Calling Benazir Bhutto a moderate Muslim is one manifestation of what’s wrong with the term, and how confusing and misleading it can be. Benazir Bhutto was indeed a Muslim, at least nominally, but when she was in power in Pakistan what she championed was a Western secularist, socialist vision, not an Islamic one by any stretch of the imagination. She did not, in other words, offer an alternative vision of Islam itself, shorn of its draconian and supremacist elements. She didn’t offer or stand for an alternative understanding of the Qur’an and Sunnah that taught that Muslims should not wage war for Islam, subjugate unbelievers, or institute stoning and amputation and the rest. Rather, she essentially advocated that in some areas Islamic law should be set aside. That, along with her gender, is what aroused the ire of the Islamic leaders in Pakistan against her, as it has against Musharraf.
So is a moderate Muslim, or someone who presents a moderate face of Islam, simply one who stands for less Islam, particularly in the political sphere? Maybe. But most of the people in the West who use the term “moderate Muslim” imagine that it refers to those who advocate not less Islam but a different Islam — and indeed, one that is more authentic than the jihadists’ version. Many of those who refer to the need to support moderate Muslims imagine that there is a version of Islam that is simultaneously traditional and peaceful, that deserves our support against the radicals.

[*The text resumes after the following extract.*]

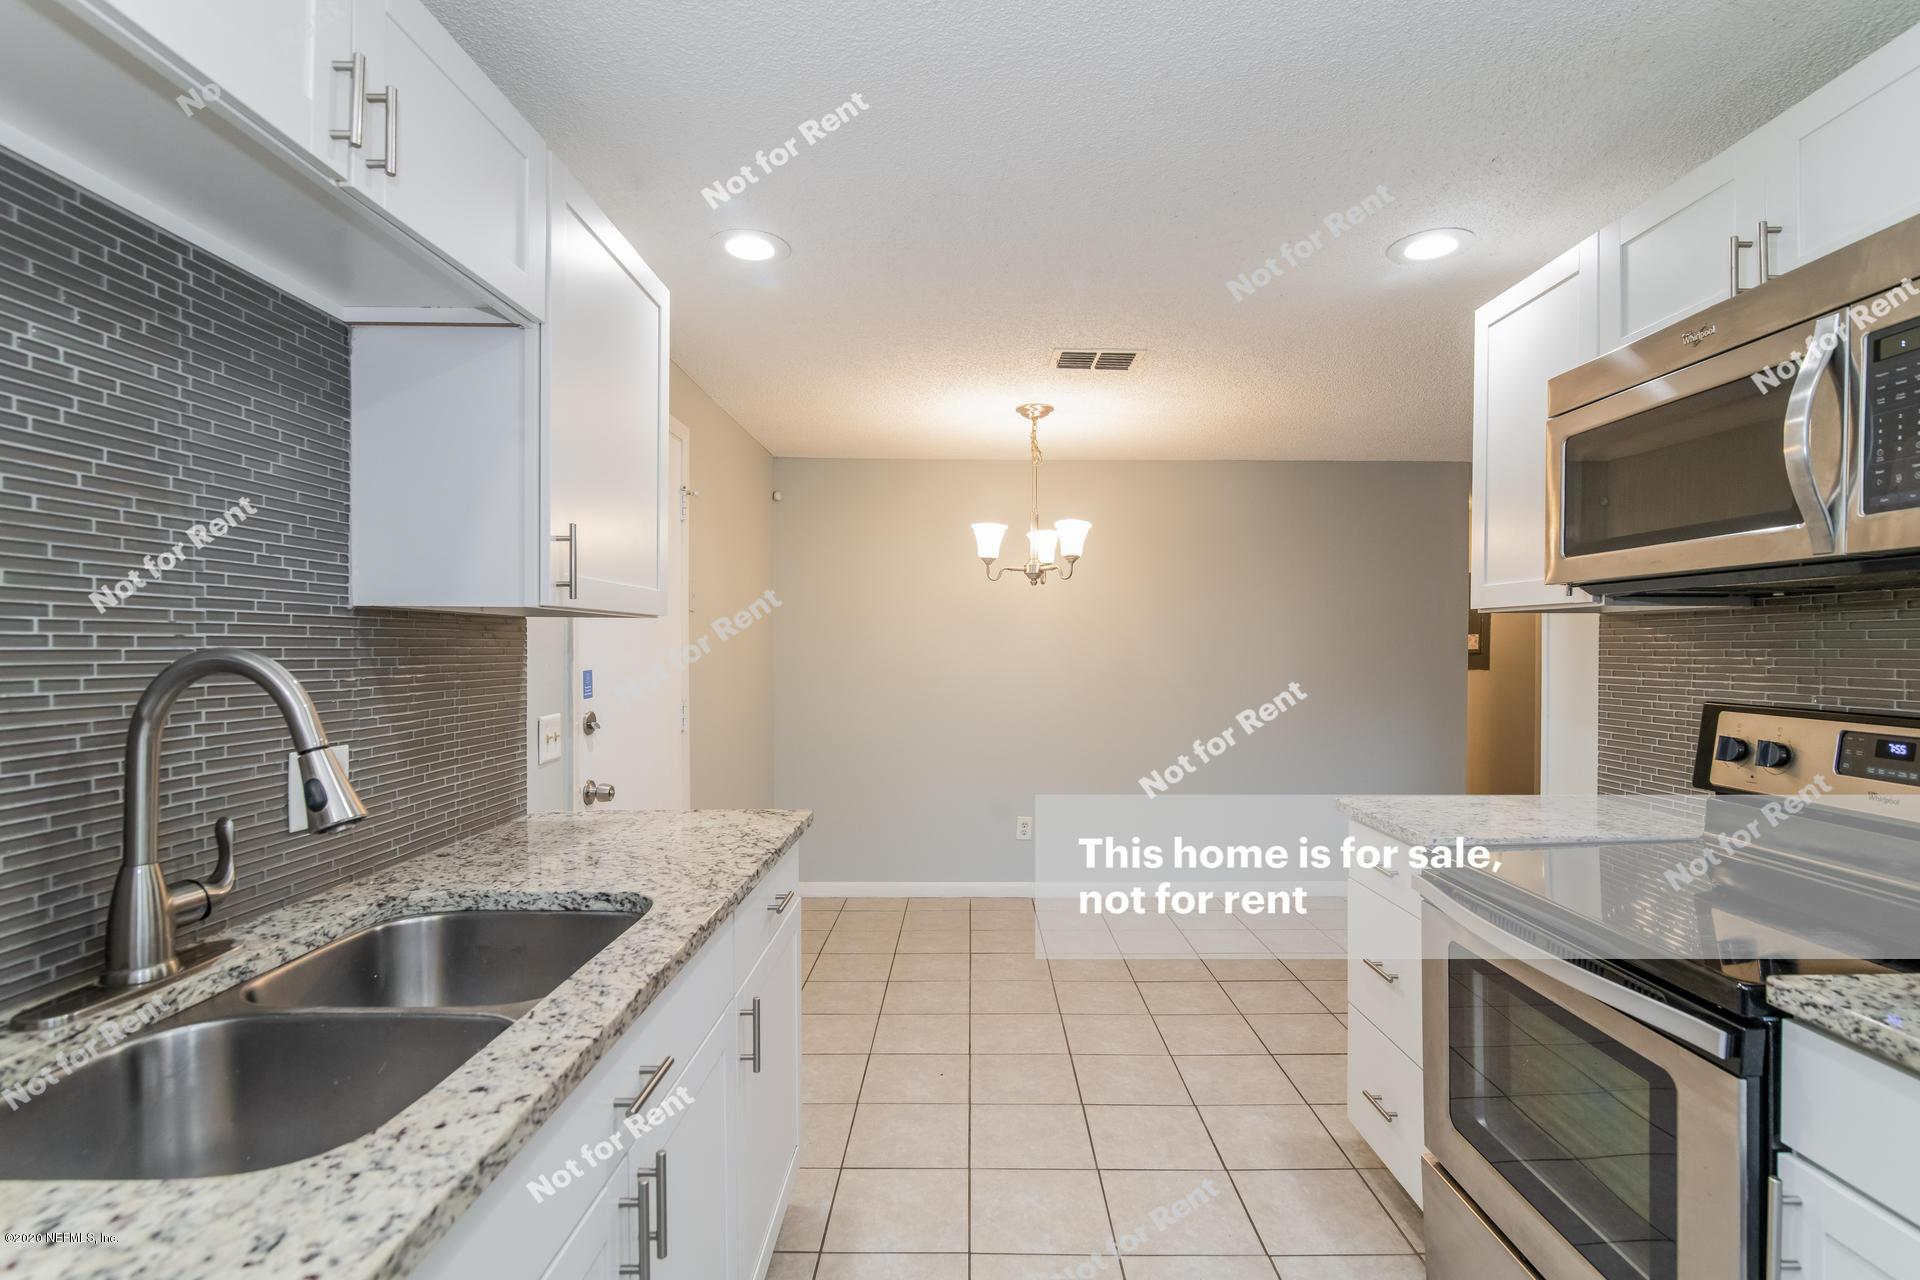 5813 JASON, JACKSONVILLE, FLORIDA 32244, 3 Bedrooms Bedrooms, ,2 BathroomsBathrooms,Residential,For sale,JASON,1080022

That Islam, unfortunately, does not exist, and assuming that it does exist has led policymakers and law enforcement officials to numerous errors in many fields. And Benazir Bhutto did not represent such an Islam. She certainly supported the Taliban in Afghanistan, but that was a matter of calculation, not conviction — and in any case would hardly be evidence of moderation in anything. She was, in the precise and encompassing words of Andrew McCarthy, “an attractive, American-educated socialist whose prominent family made common cause with Soviets and whose tenures were rife with corruption.”
In the coming tumultuous days and weeks, it would be wiser for analysts and government officials to remember her that way than as a champion of a chimerical and elusive moderate Islam.